The court said the justices and lawyers will all participate remotely. The media will receive a live audio feed for the 10 cases and will be permitted to air the feeds live, according to Supreme Court spokeswoman Kathy Arberg. That will be a major change for a court that normally doesn’t release the audio from its sessions until days later.
Arguments will run from May 4 to May 13, with the exact date to be set for each case after consultation with the lawyers involved.
The telephone arguments will include a fight over the Electoral College, the body that formally selects next president. At issue is whether states can stop “faithless electors” who try to cast a vote for someone other than the candidate who won their state’s balloting. The court will also be considering a pair of high-profile religious-rights disputes.
Trump Subpoena Cases
Trump is challenging subpoenas from Congress and a New York grand jury in cases that raise sweeping questions about investigations into alleged misconduct by the president. Trump is seeking to sharply limit Congress’s powers and give the president immunity from state criminal probes while in office.

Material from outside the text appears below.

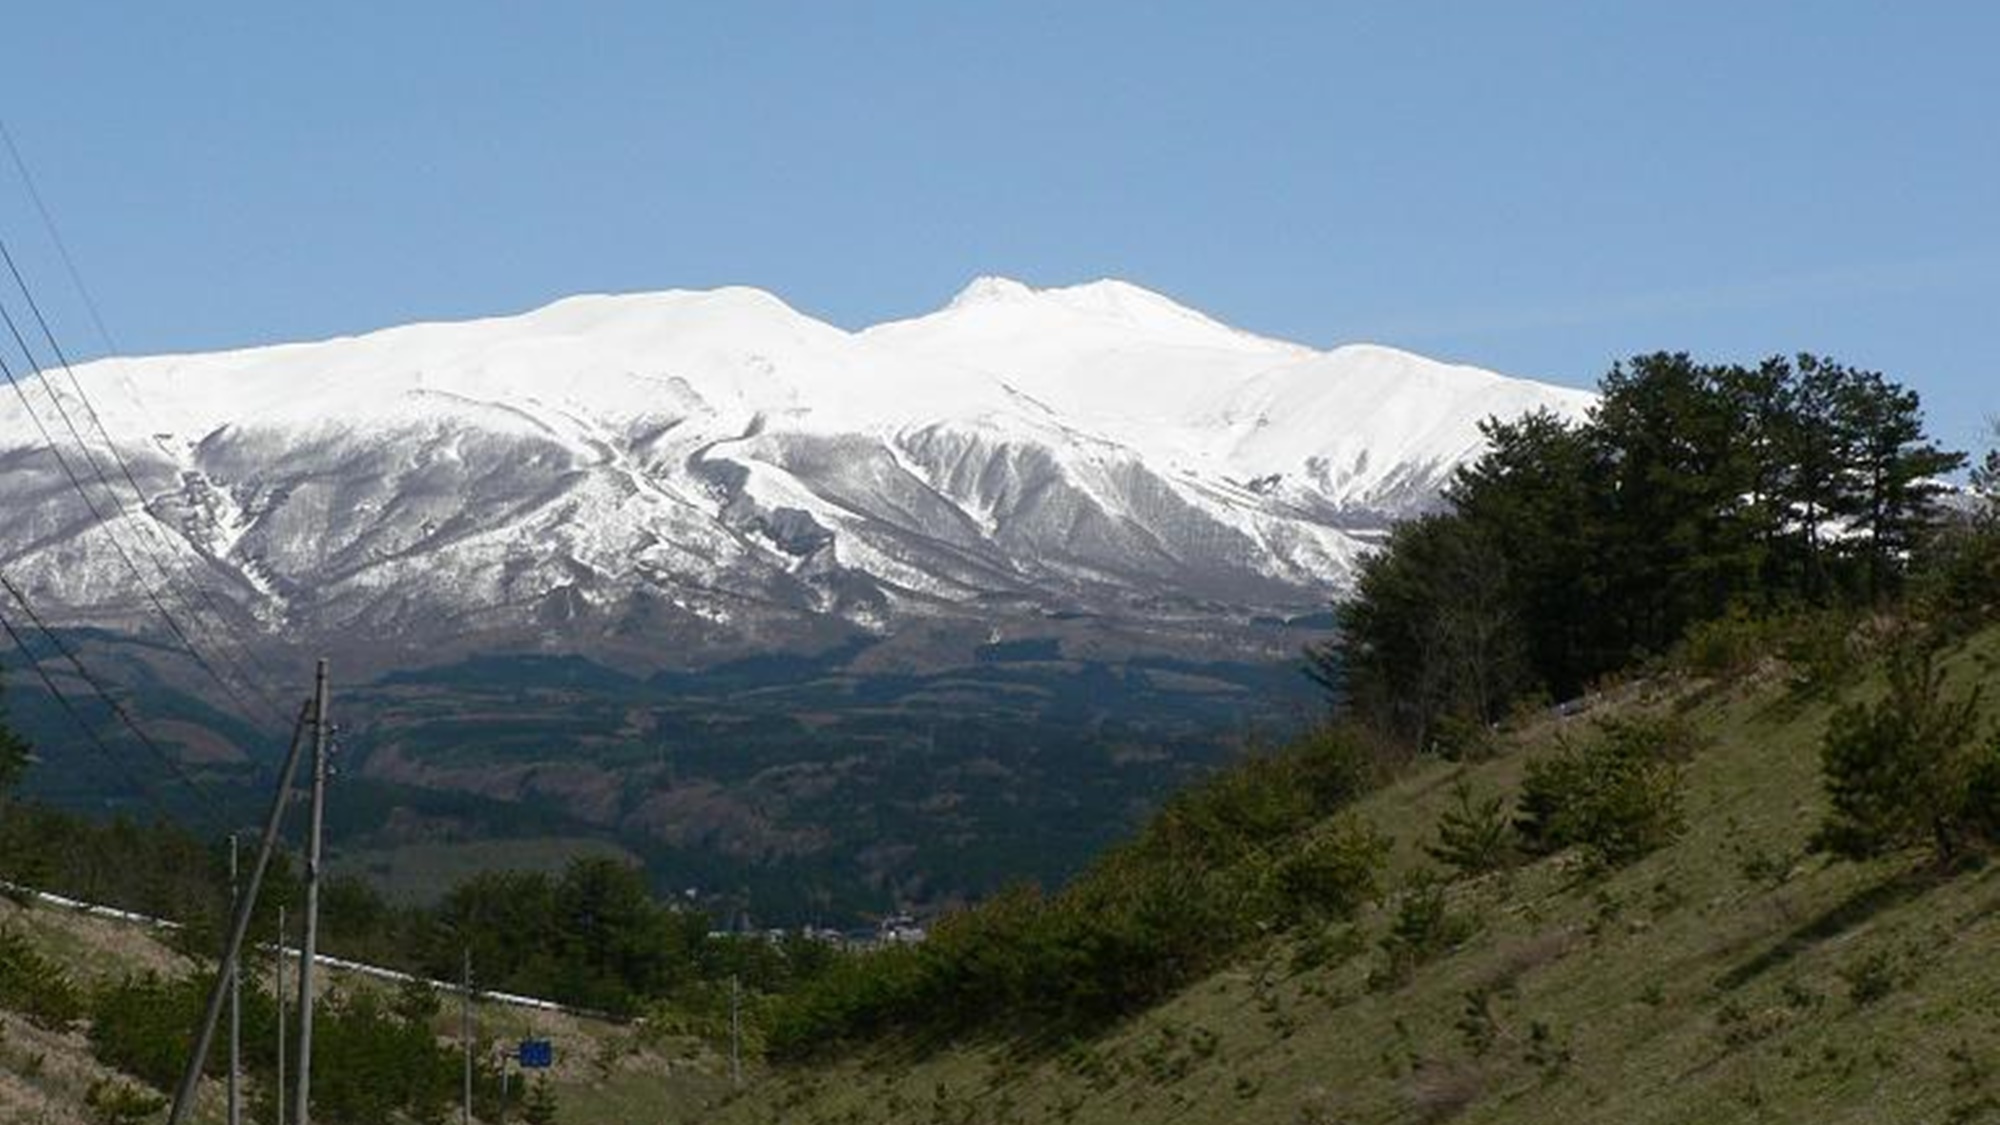 *【鳥海山】山頂に雪が積もる姿が富士山にそっくりな為、出羽富士（でわふじ）とも呼ば れています。

The court had postponed 20 arguments that were scheduled to be heard in March and April. The nine justices have continued to issue opinions and orders and hold their scheduled private conferences, though those sessions are happening by phone instead of in person.
One case not on the list of May arguments is a multibillion-dollar copyright fight between Alphabet Inc.’s Google and Oracle Corp. The court is now likely to hear that case when the new term starts in October.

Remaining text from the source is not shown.